Still, it does not follow from this that Mahathir Mohamad represents a needed faction for UMNO’s continued paramountcy. In fact, the former Prime Minister has made quite a case in recent days that he is a net drag on his erstwhile party’s prospects — and not just because he’s the subject of a corruption investigation that almost certainly spurred today’s exit from UMNO. Mahathir recently descended into race-baiting over a development project in Johor called Iskandar Malaysia, that he avows will cause “Malays [to] be driven to live at the edge of the forest and even in the forest itself.” The putative replacement for the Malays? Singaporeans, said Mahathir, which is code for Chinese. How unwise is this? The moral rectitude of race-baiting and xenophobia aside (suffice it to say that Singapore has no designs to settle and claim Johor), ethnic Chinese are approximately one-quarter of Malaysia’s population — and they control roughly 40% of its wealth. Furthermore, given that the older generation in Malaysia still remembers the Sino-Malay race riots of the late 1960s, whipping up that old fervor is not merely irresponsible, but cruel.

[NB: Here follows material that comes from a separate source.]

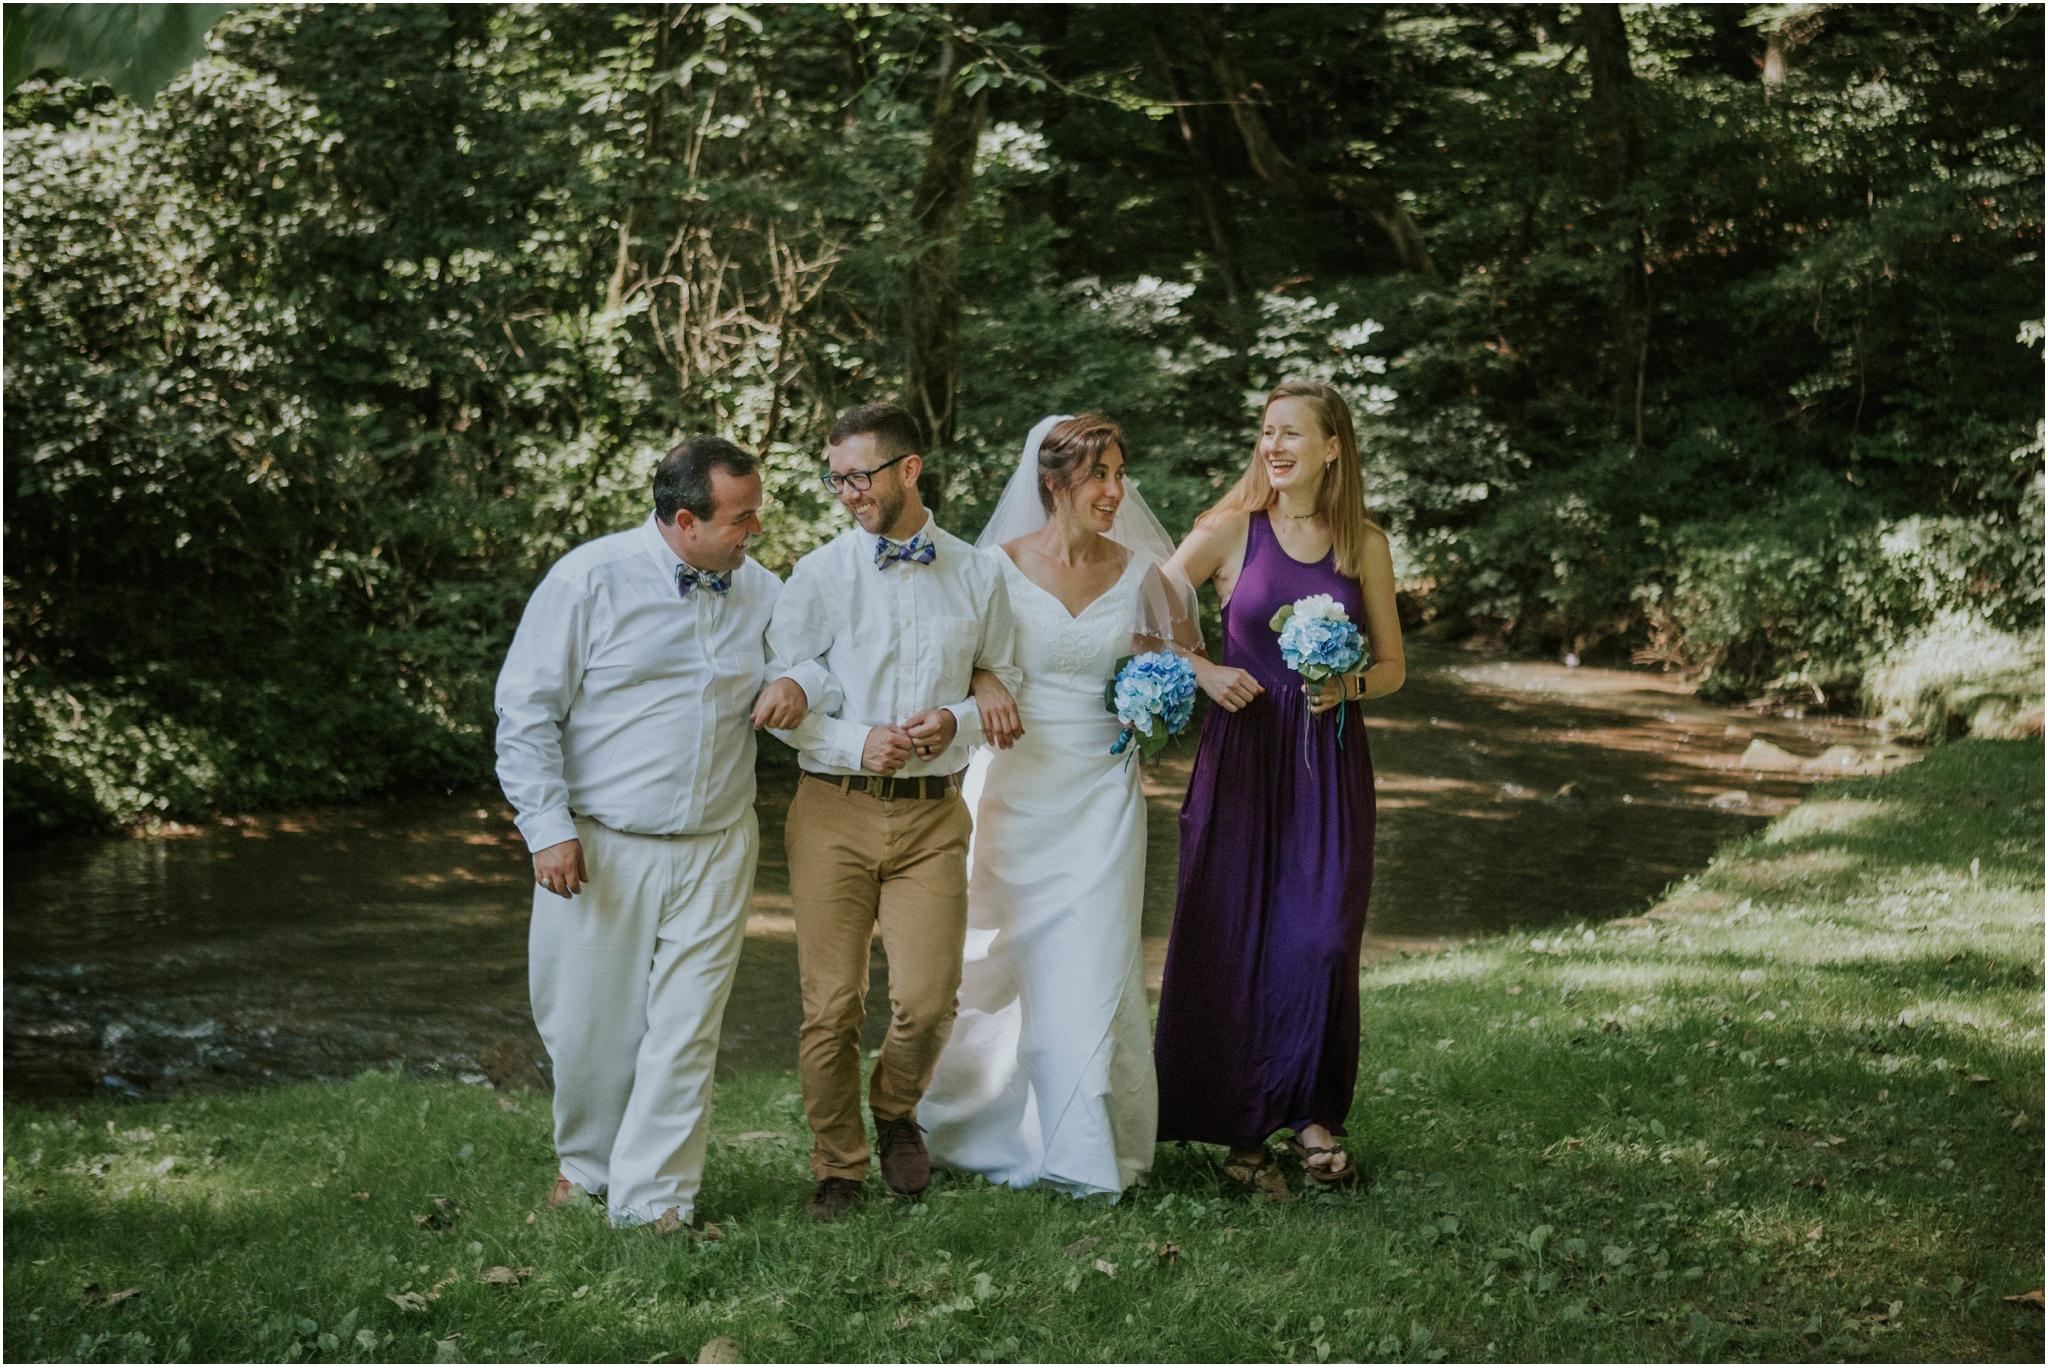 sugar-hollow-park-bristol-virginia-wedding-intimate-woodsy-black-forest-ceremony-adventurous-couple_0036.jpg

But then, we shouldn’t forget that those riots led to the expulsion of race-baiting troublemakers from UMNO — including one Mahathir Mohamad, who wrote his racial opus while in the wilderness, before returning to lead his country. In that light, we can see his raising the specter of Chinese domination as a return to a very old and very malign theme. Fortunately, it’s one that UMNO under PM Badawi’s leadership has well outgrown.
No commentsBREAKING: Mahathir leaves UMNO?
It’s just a rumor at the moment, but if it’s true, it’s big. We’ll bring you the latest as we get the news. Stay tuned….
UPDATE: New Straits Times is confirming the news. Here’s the entirety of their story, which, for obvious reasons, I feel free to reproduce on fair use grounds:
Former Prime Minister Tun Dr Mahathir Mohamad announces today that he is quitting Umno.
He said at a forum in Alor Star that he will only rejoin the party when Prime Minister Datuk Seri Abdullah Ahmad Badawi steps down as Umno president.
Here’s more background on UMNO, and the official party site.
Mahathir’s break with the party — now also confirmed, as this is written, by the IHT — is, one suspects, likely prompted by Prime Minister Badawi’s investigation of judicial corruption during Mahathir’s tenure as PM. Mahathir has been publicly defiant, but he is almost certainly distressed at the probability that he will shortly be indicted for his actions.
UPDATE 2: Also confirmed by The Star Online, which opines that the move is meant to force PM Badawi from office by …. weakening UMNO, it seems. Considering that opposition coalition leader Anwar Ibrahim has threatened a showdown before Malaysia Day in mid-September, this, if true, signifies a desire on Mahathir’s part to see UMNO under Badawi actually deposed from power. Presumably, he could then return as the savior of the party and its fortunes. Of course, this thesis presumes that Mahathir could attract sufficient numbers to walk out with him — and that he wants to hold high office again. Both propositions are dubious.
This site sticks with the thesis that Mahathir wants UMNO out of power so the investigation into judicial corruption ends.
UPDATE 3: And now it is reported that Mahathir quit on a dare. Curiouser and curiouser.